Thank you, as always for your support, confidence and encouragement, Polonius! And to date, no one's managed to beat the moxie out of me yet! And it ain't happening here.
Hey M.
I read the blog and know where you are coming from. I think that sacrificing what you believe is the right thing to do for any job (or anyone for that matter) is not the right thing to do. All we have in life is the abilty to decide between what is right and what is worng where people are concerned. But the bottom line is that you always have to be true to yourself. We are often confronted by people who believe that the right thing to do is to support their agenda or what their perception of right and wrong is. However, if we do that we only reinforce their belief and therefore might as well be them.
And I have to tell you, most people I have seen in the corporate environment are not worth emulating. No matter what they think of themselves.

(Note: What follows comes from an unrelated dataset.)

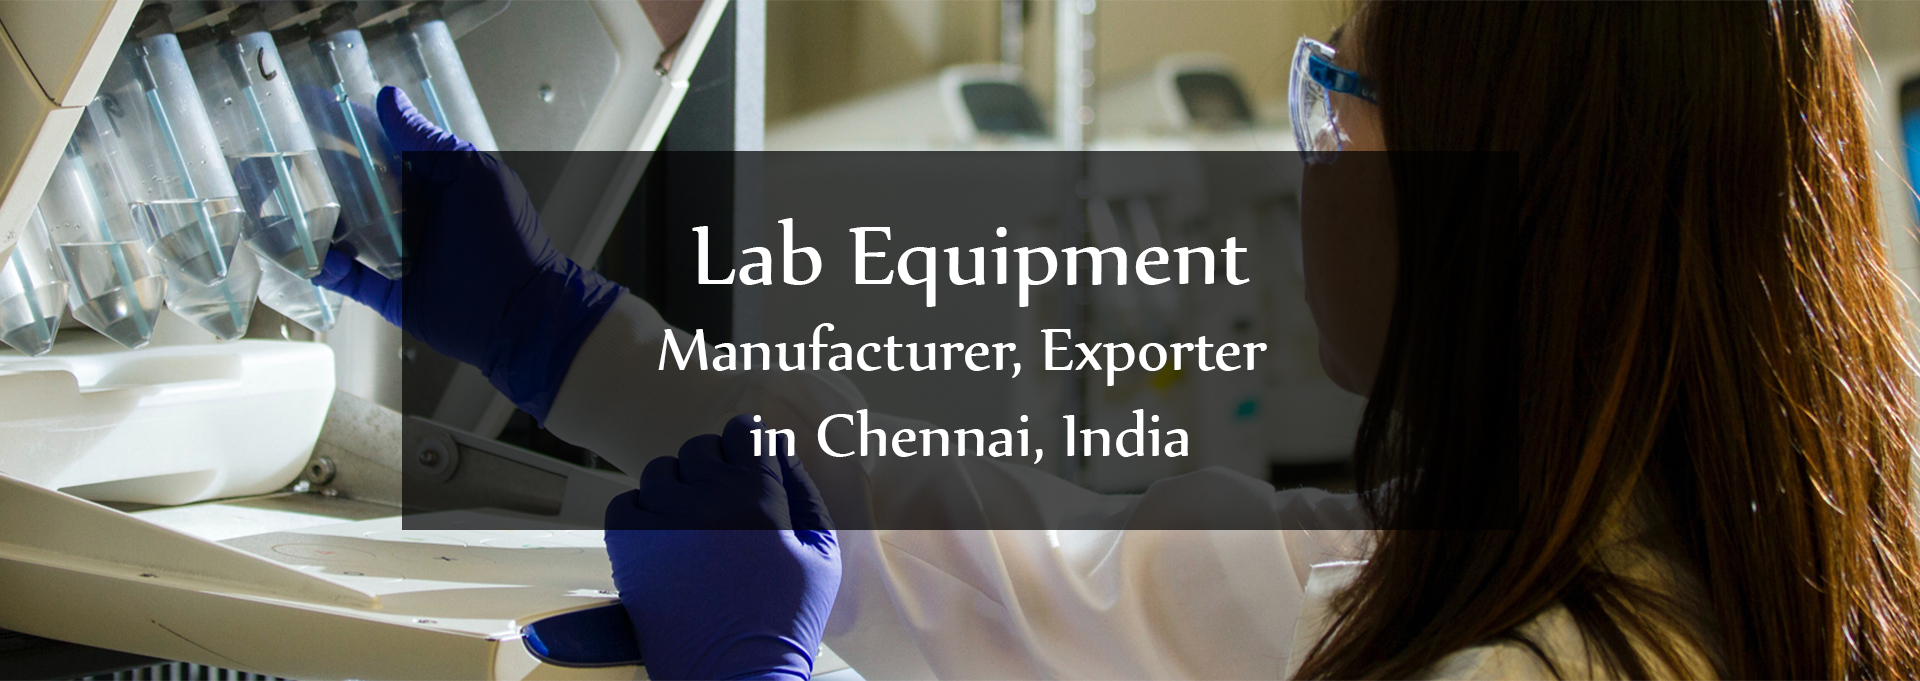 Lab Equipment Manufacturer, Exporter in Chennai, India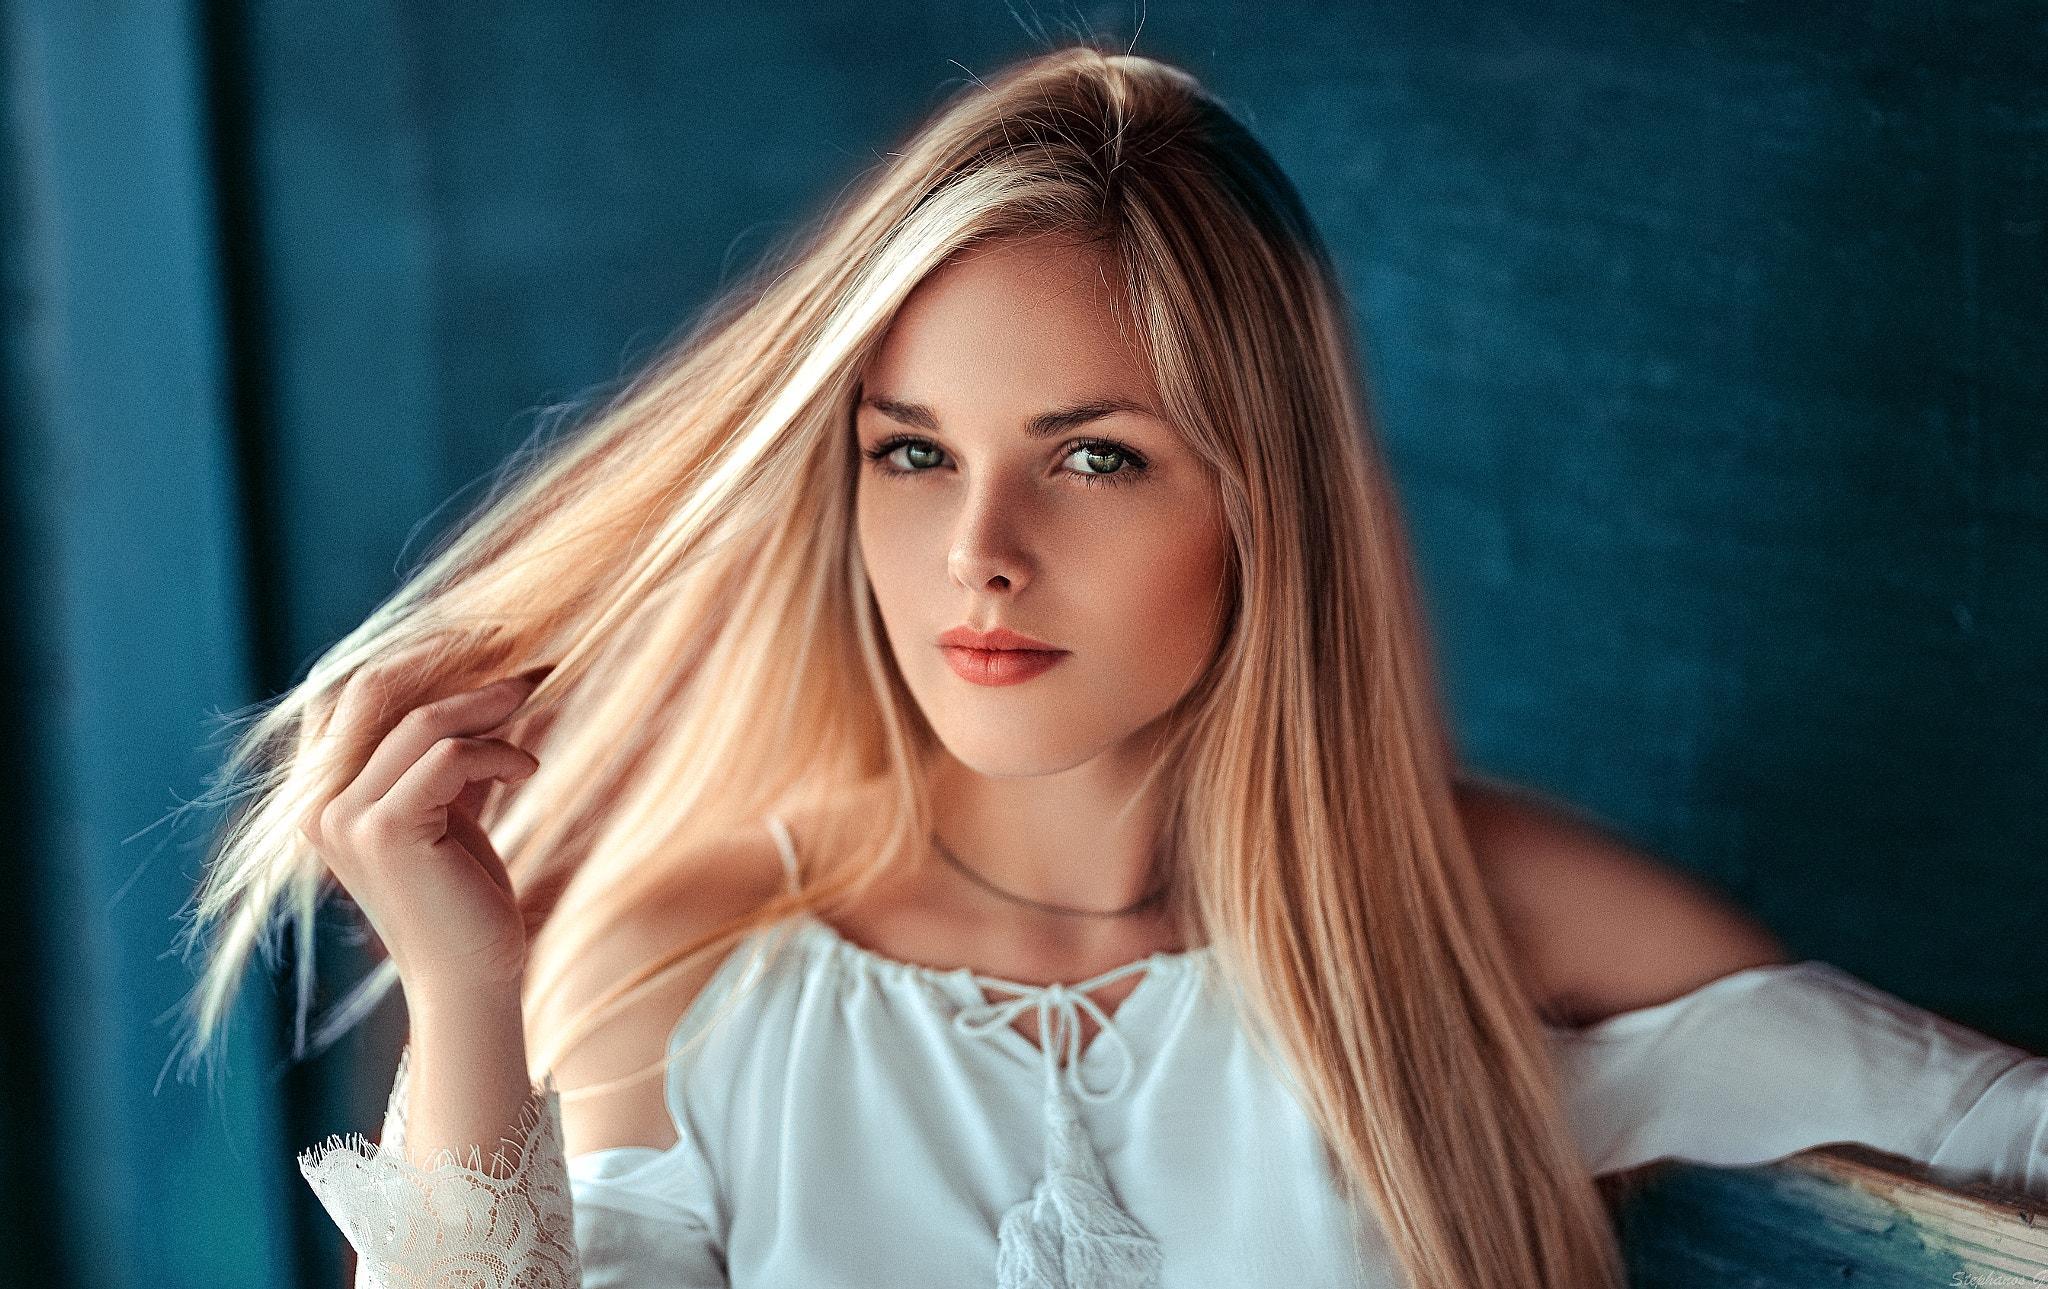 Blonde Hair Girl Wallpapers Top Free Blonde Hair Girl Backgrounds

I too was in a situation where someone else believed that I should have said something when in fact one of the things that they valued most was their personal privacy. It seems ironic that people cannot treat each other the way they want to be treated in both their personal and professional lives. The hypocracy of the situation tells me that the person you are referring to will never uderstand people and is only concerned about what is beneficial to them. You are a tool to help them succeed, nothing more. Therefore, do not change, give in or sacrifice your belief and know that I will always be there to support you.